While it would be nice to change the 30 second skip to whatever you want it to, realize that if you change it for football you would mess up the 4 presses needed to skip the mostly 2 minute commercial breaks found in an NFL game.

I'm not sure you could make it any better for football. You can't really set it up to ideally skip between plays, commercials AND no huddles/2 minutes drill. Any attempt to change it to make it better for one of those is going to mess up the other.

Maybe you're talking about some other use case for football though?


----------



## trip1eX (Apr 2, 2005)

GoodSpike said:


> 2. Being able to restrict the recording of a show that appears multiple times per day (e.g. The Daily Show) to episodes that appear in certain time frames.
> 
> 6. Have a "resolve conflicts" system similar to WMC.
> 
> 7. Have an option to have recordings begin early-end late "if possible" meaning if no conflict that will prevent something else from recording.
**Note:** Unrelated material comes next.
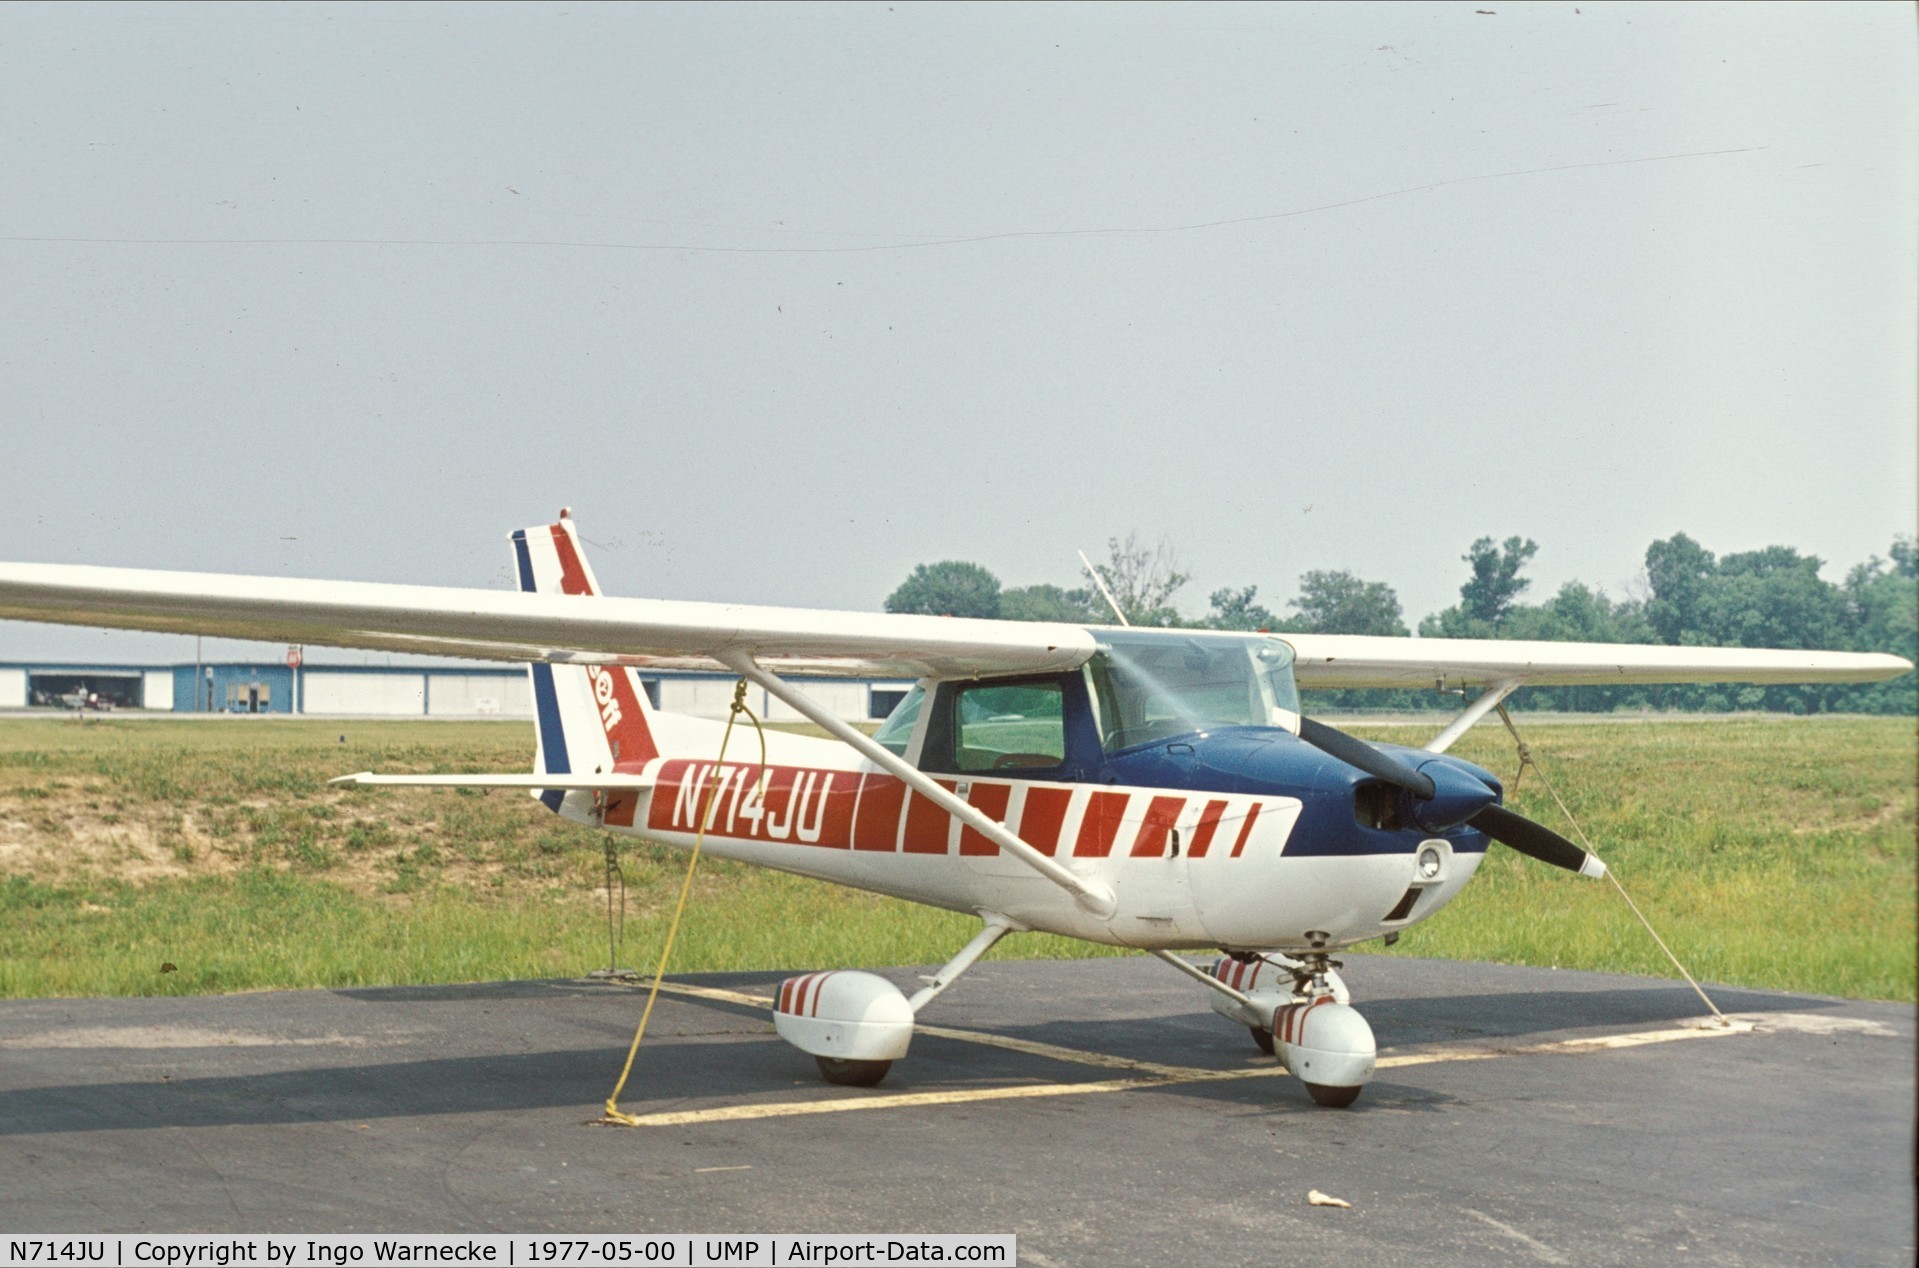 N714JU, 1977 Cessna 150M C/N 15079218, Cessna 150M at Indianapolis Metropolitan Airport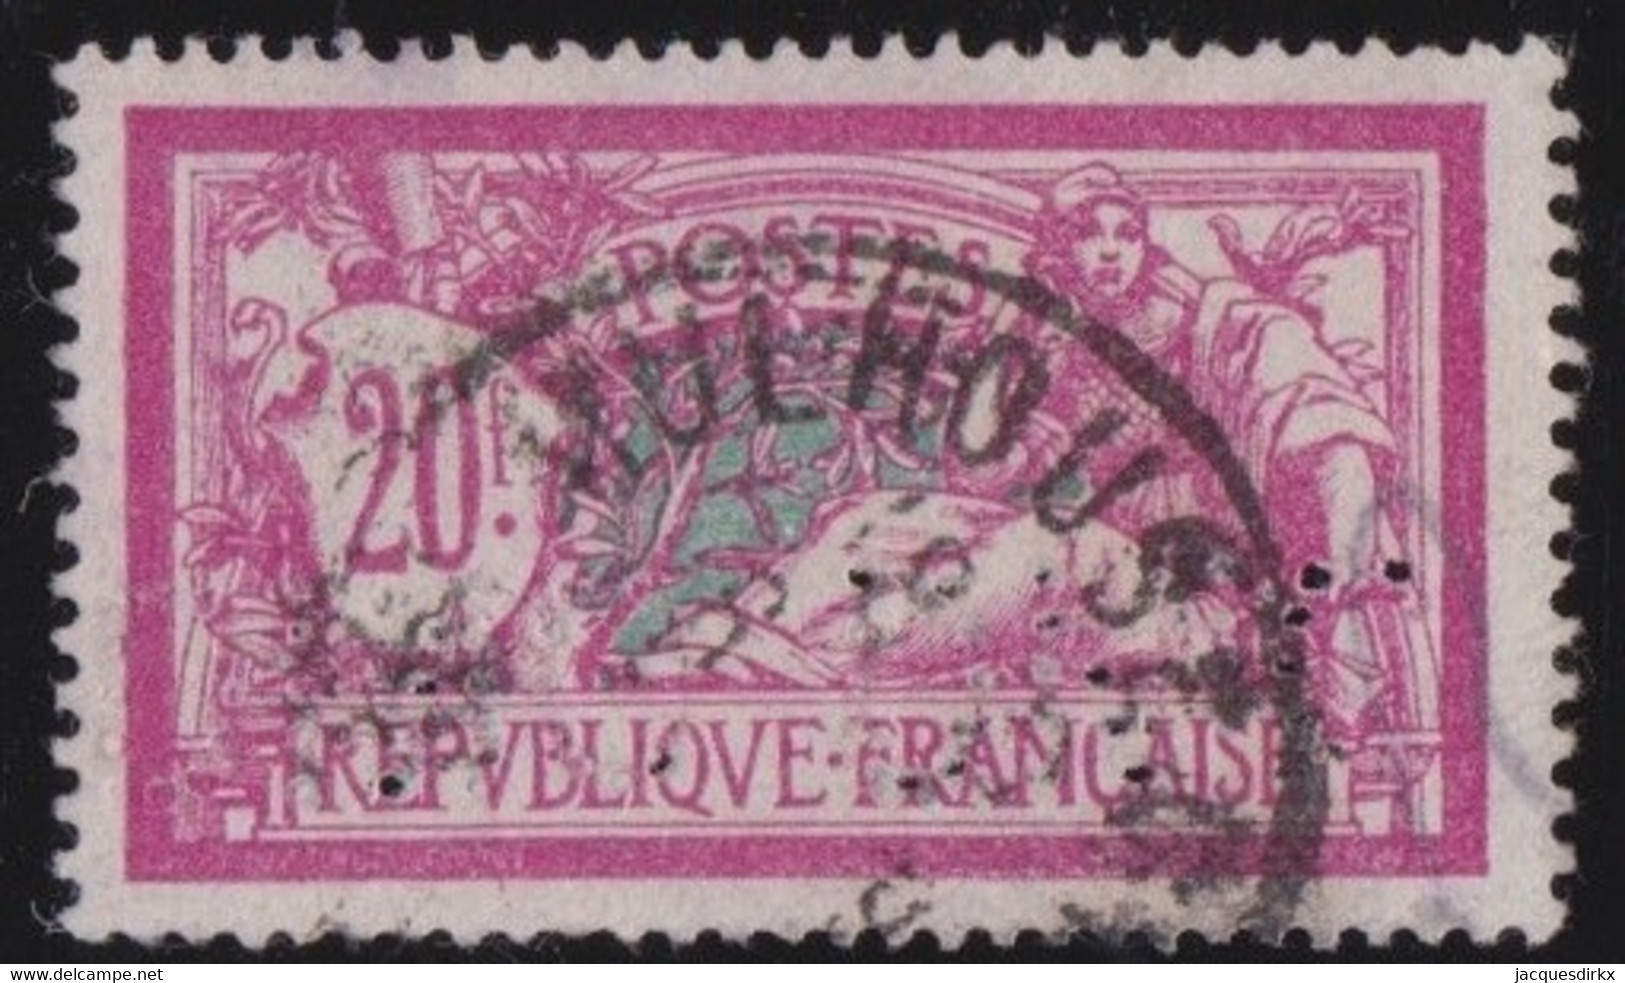 France   .    Y&T   .    208       .     O     .      Oblitéré - 1900-27 Merson

Tivo could do a lot to refine the recording of cable tv shows experience. Lately it doesn't seem like they are interested in doing so. And would rather add features that (are) more empty calories in the long run, but make a great impression on the back of the box.


----------



## GoodSpike (Dec 17, 2001)

trip1eX said:


> IN my experience 30 seconds is just right for skipping to the next play in football the vast majority of the time.. . .
> 
> While it would be nice to change the 30 second skip to whatever you want it to, realize that if you change it for football you would mess up the 4 presses needed to skip the mostly 2 minute commercial breaks found in an NFL game.


I found 23 or 25 seconds to be optimal for jumping between plays in football, in part because it allows you more time to think about the alignments the teams pick, but you're right for some of the slower teams 30 seconds works.

I didn't find 25 seconds to be that bad for flipping through commercials, but Tivo FF which jumps back (there's a name for that I don't remember) is really a better option for commercial.


----------



## GoodSpike (Dec 17, 2001)

Having lived with the Tivo for just over two weeks now, now way is 30 seconds okay for football games, except for games where both teams play slowly. And skipping back and then going forward is a PITA.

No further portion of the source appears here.